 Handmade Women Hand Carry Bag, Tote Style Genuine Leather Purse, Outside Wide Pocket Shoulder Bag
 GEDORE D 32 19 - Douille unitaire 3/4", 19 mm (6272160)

==

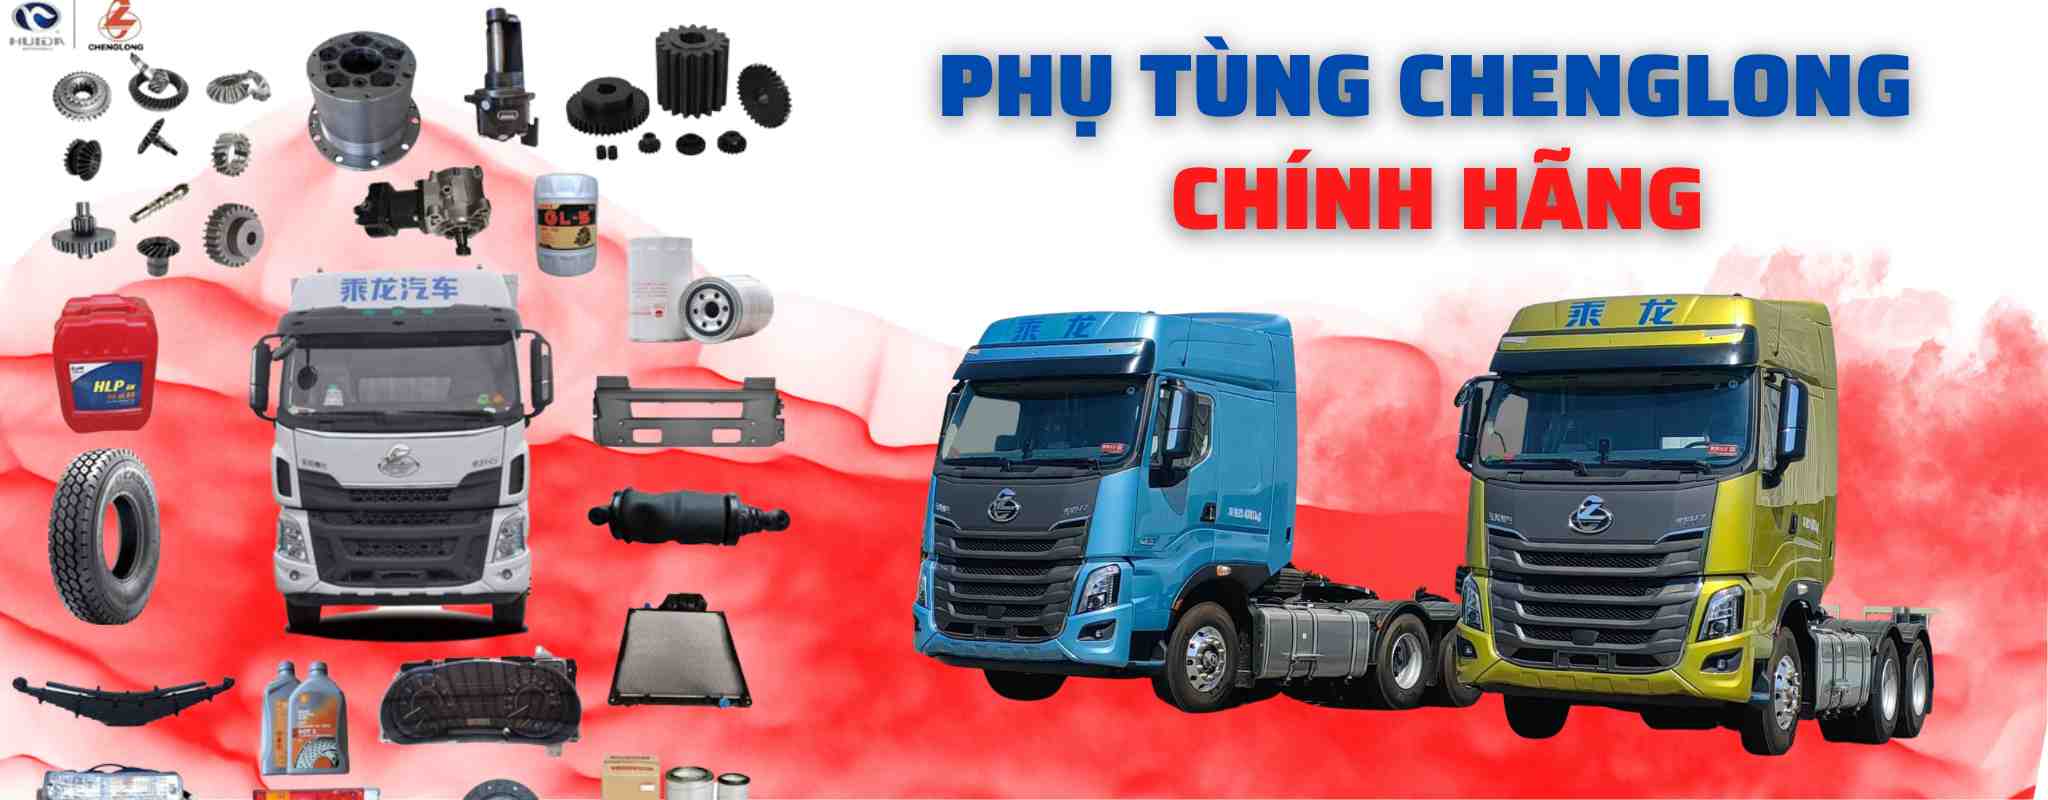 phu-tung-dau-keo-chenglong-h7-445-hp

How to complete this task:
From the data above, return every line from the line that has "Handmade Women Hand" up to and including the line that has "GEDORE D 32", exactly.

Response to the task:
 Handmade Women Hand Carry Bag, Tote Style Genuine Leather Purse, Outside Wide Pocket Shoulder Bag
 GEDORE D 32 19 - Douille unitaire 3/4", 19 mm (6272160)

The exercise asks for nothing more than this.